The most detailed logistic regression (Logistic regression) source code based on the R language, including fit optimization, recall, precision computing

Source: Internet
Author: User

This log is indeed a trigger. I am not familiar with R, but it is required by the experiment, so I just learned it. We found that, whether it's countless tutorials on the Internet or examples in books, when talking about logistic regression, we will give a simple function and a description of the output results. I have never been clear about several things:

1. How to Use training data to train the model and then verify the test data (the test data and training data may overlap )?

2. How to calculate the prediction result, that is, calculate the recall, precision, and F-measure values?

3. How to calculate evaluation indicators such as Nagelkerke goodness of fit?

I found these books and some blog-writing friends with an unclear mind. Let's look at your tutorial. Instead of simply looking at the use of simple functions, or listening to you to explain the principles, we still hope to use them as soon as possible and correctly. From my experience, the existing online tutorials are too poor.
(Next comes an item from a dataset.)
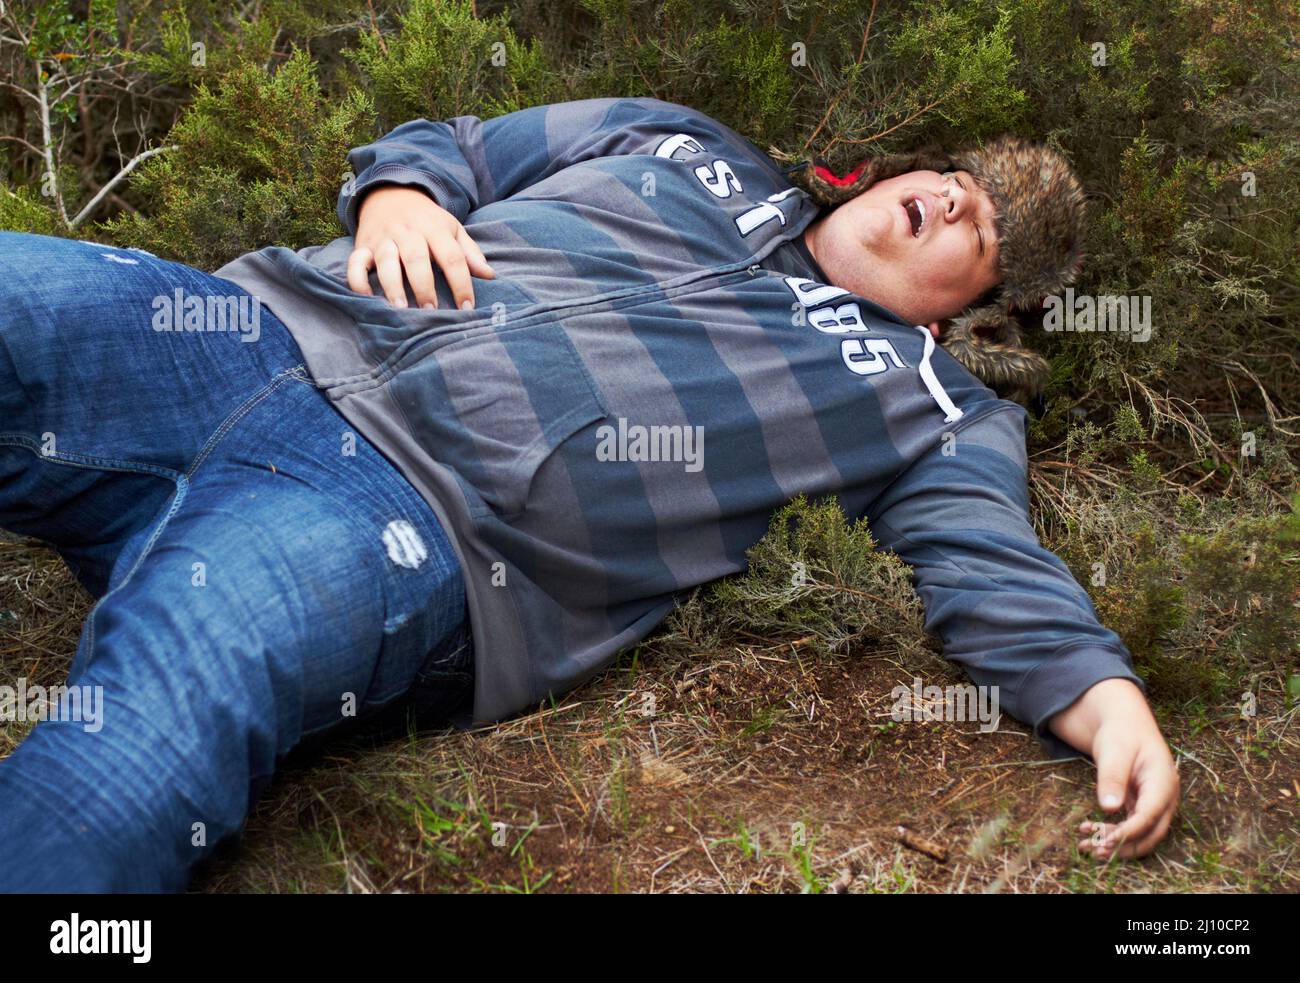 Suffering the consequences of a wild night.... An obese young man lying passed-out outside in the bushes. Stock Photo

I will not describe the process in detail here. I believe you will understand it at a Glance:

Train ("training.csv", header?false=testing=read.csv ("testing.csv", header = false) # import training and test data respectively GLM. Fit = GLM (V16 ~ V7, Data = training, family = binomial (link = "Logit") # generate a model using training data. Here I Use 7th columns of data to predict 16th columns. n = nrow (training) # Number of training data rows, that is, the number of samples R2 <-1-exp (GLM. fit $ deviance-glm.fit $ null. deviance)/n) # Calculate Cox-Snell goodness of fit CAT ("Cox-Snell r2 =", R2, "\ n ") r2 <-R2/(1-exp (-GLM. fit $ null. deviance)/n) # Calculate the Nagelkerke goodness of fit. At the end, we output this goodness of fit value p = predict (GLM. fit, testing) # use a model to predict the test data. P = exp (P)/(1 + exp (p )) # calculate the value of the dependent variable testing $ v16_predicted = 1 * (P> 0.5) # Add a column to the test data, that is, the prediction of V16. When P> 0.5, predicted value: 1 true_value = testing [, 16] predict_value = testing [, 17] # retrieve 16 and 17 columns respectively retrieved = sum (predict_value) precision = sum (true_value & predict_value) /retrievedrecall = sum (predict_value & true_value)/sum (true_value) f_measure = 2 * precision * recall/(precision + recall) # Calculate recall, precision, and F-measure Summary (GLM. fit) CAT ("Nagelkerke R2 =", R2, "\ n") print (precision) print (recall) print (f_measure)

I don't know why many people are confused about such a simple thing.

Here we will briefly explain the output result of summary:

Call:glm(formula = V16 ~ V7, family = binomial(link = "logit"), data = training) Deviance Residuals:    Min       1Q   Median       3Q      Max-2.5212  -0.9990  -0.4249   1.1352   1.4978   Coefficients:             Estimate Std. Error z value Pr(>|z|)(Intercept) -0.744804   0.207488  -3.590 0.000331 ***V7           0.005757   0.001362   4.226 2.38e-05 ***---Signif. codes:  0 ‘***’ 0.001 ‘**’ 0.01 ‘*’ 0.05 ‘.’ 0.1 ‘ ’ 1 (Dispersion parameter for binomial family taken to be 1)     Null deviance: 307.76  on 221  degrees of freedomResidual deviance: 277.85  on 220  degrees of freedomAIC: 281.85 Number of Fisher Scoring iterations: 5

In fact, you can see coefficient here. estimate indicates the coefficient of V7 in the final prediction equation, and PR is P-value. The prediction results are acceptable from these two points.

The most detailed logistic regression (Logistic regression) source code based on the R language, including fit optimization, recall, precision computing

Contact Us

The content source of this page is from Internet, which doesn't represent Alibaba Cloud's opinion; products and services mentioned on that page don't have any relationship with Alibaba Cloud. If the content of the page makes you feel confusing, please write us an email, we will handle the problem within 5 days after receiving your email.

If you find any instances of plagiarism from the community, please send an email to: info-contact@alibabacloud.com and provide relevant evidence. A staff member will contact you within 5 working days.

A Free Trial That Lets You Build Big!

Start building with 50+ products and up to 12 months usage for Elastic Compute Service

  • Sales Support

    1 on 1 presale consultation

  • After-Sales Support

    24/7 Technical Support 6 Free Tickets per Quarter Faster Response

  • Alibaba Cloud offers highly flexible support services tailored to meet your exact needs.